[Opening Given information section]

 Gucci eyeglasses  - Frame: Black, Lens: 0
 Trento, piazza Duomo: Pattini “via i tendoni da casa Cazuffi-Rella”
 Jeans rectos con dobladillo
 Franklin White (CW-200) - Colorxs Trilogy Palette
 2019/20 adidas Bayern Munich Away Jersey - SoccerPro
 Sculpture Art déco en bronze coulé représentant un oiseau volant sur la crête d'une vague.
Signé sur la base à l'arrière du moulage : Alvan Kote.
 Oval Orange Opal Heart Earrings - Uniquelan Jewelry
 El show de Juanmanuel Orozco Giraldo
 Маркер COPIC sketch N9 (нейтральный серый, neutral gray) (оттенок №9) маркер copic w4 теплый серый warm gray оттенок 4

[Closing Given information section]

Retype, without any change, every line from the one with "El show de Juanmanuel Orozco Giraldo" to the bottom of the listing.

 El show de Juanmanuel Orozco Giraldo
 Маркер COPIC sketch N9 (нейтральный серый, neutral gray) (оттенок №9) маркер copic w4 теплый серый warm gray оттенок 4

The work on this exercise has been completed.